An optical circuit implementing this FM is depicted in Fig. 3. The top part of the FM circuit works as follows: first, it transforms the standard input \(|HB\rangle\) using wave plates resulting in \(|HB\rangle \rightarrow (|HB\rangle + |VB\rangle )/\sqrt{2}.\) Next, a beam divider separates polarization modes in space, i.e., we have \((|HB\rangle + |VT\rangle ).\) Now, the effective operation of wave plates in the top and bottom modes can be described as first transforming \(|VT\rangle \rightarrow \mu _T|HT\rangle + \nu _T|VT\rangle\) and \(|HB\rangle \rightarrow \mu _B|HB\rangle + \nu _B|VB\rangle .\) The parameters are set as \(\mu _T = \sqrt{2}c^3(x_n),\) \(\nu _T = \sqrt{2}{s^3(x_n)},\) \(\mu _B = \sqrt{6}c^2(x_n)s(x_n),\) \(\nu _B = \sqrt{6}c(x_n)s^2(x_n).\)

This whole operation is unitary and can be described as \(U(x)|HH\rangle = |\varphi (x)\rangle .\) The complex conjugate of operation U(x) is \(U^\dagger (x')\) and it can be used to express the kernel as \(\kappa (x',x) = |\langle HH|U^\dagger (x')U(x)|HH\rangle |^2.\) Thus, the circuit \(U^\dagger (x')\) for projecting the state \(|\varphi (x)\rangle\) to \(|\varphi (x')\rangle\) can be constructed as the inverse of the feature embedding U(x) circuit, but for setup parameters set for \(x'\). The next action of the plates in the top and bottom rails is to perform a reverse transformation, but for \(x_n=x'_n.\) Next, the plates flip the polarizations in the respective rails. Now, the interesting part of the engineered state is in the top rail with flipped polarization. To implement \(U(x')^\dagger ,\) the last pair of waveplates is used both to flip the polarization and to perform the Hadamard transformation. Finally, the PBS transmits only H-polarized photons for further processing.

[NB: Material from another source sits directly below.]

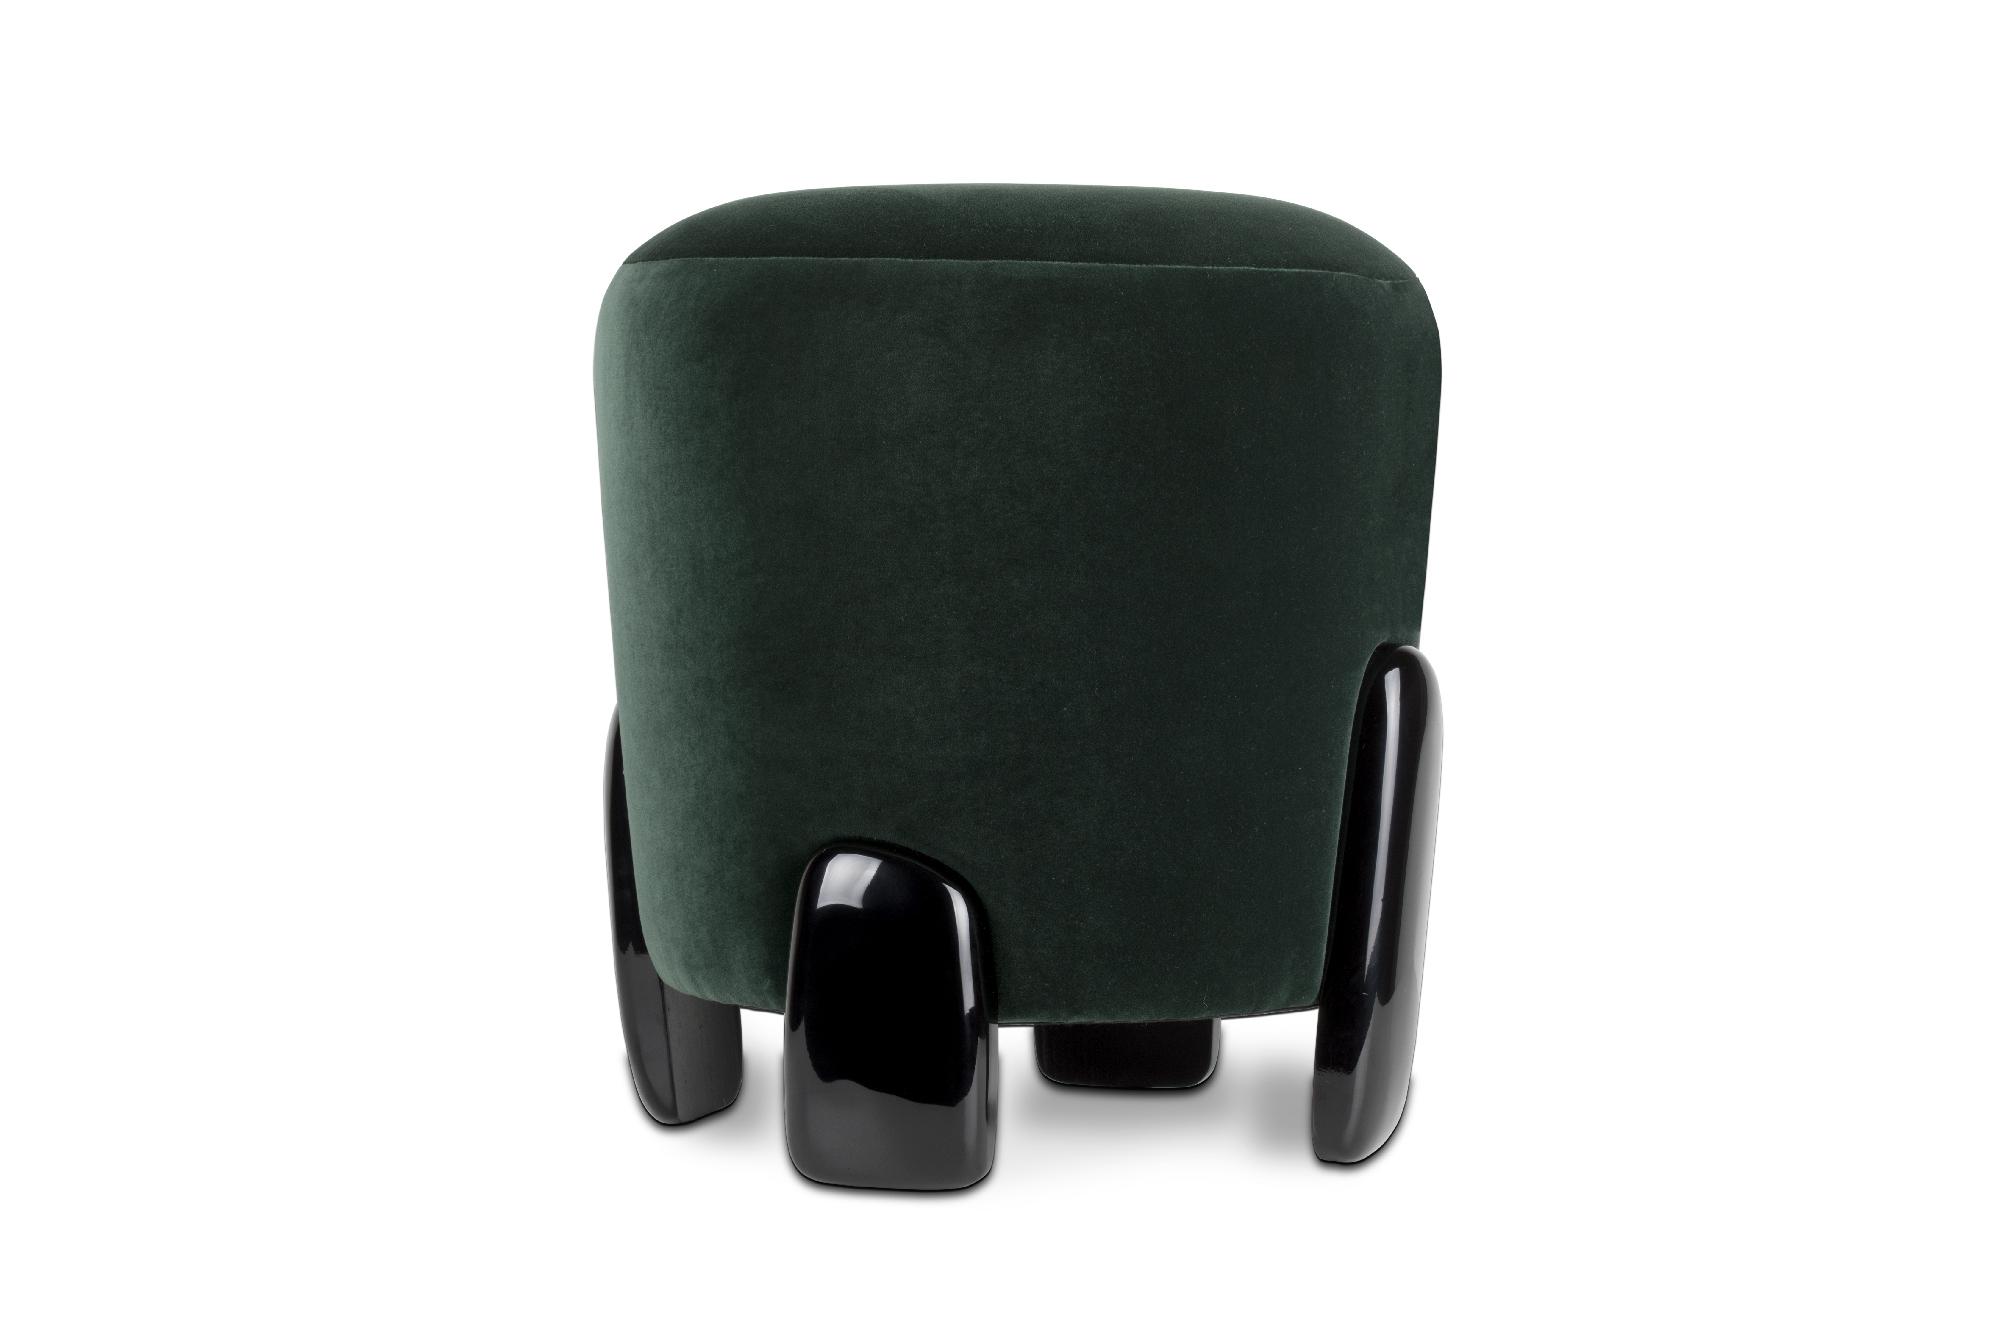 Modern Style Upholstered Fabrics by BRABBU NOAKI STOOL modern style Modern Style Upholstered Fabrics by BRABBU Modern Style Upholstered Fabrics by BRABBU NOAKI STOOL

The procedure of measuring the kernel \(\kappa (x',x)\) can be extended to include additional dimensions, resulting in measuring the kernel \({{\bar{\kappa }}}(x',x)=\kappa (x',x)\cos ^2(y-y')\) following from FM (11). Instead of the transformation \(U^\dagger (x')U(x),\) we consider \(R^\dagger (y')U^\dagger (x')U(x)R(y),\) where \(R(y)= e^{2iy}|H\rangle \langle H|\) is a phase shift applied to a preselected H-polarized photon in the bottom part of the setup, and \(R^\dagger (y')= e^{-2iy'}|H\rangle \langle H|\) is a phase shift to the postselected H-polarized photon in the same part of the setup. The phase difference between the postselected upper and lower H-polarized photons can be measured as \(\cos ^2(y-y').\) This is done with \(PBS'\) which transmits diagonally-polarized photons \(|D\rangle = (|H\rangle +|V\rangle )/\sqrt{2}\) and reflects antidiagonal photons \(|A\rangle = (|H\rangle -|V\rangle )/\sqrt{2},\) and polarization-resolving single-photon detectors (see caption of Fig. 3).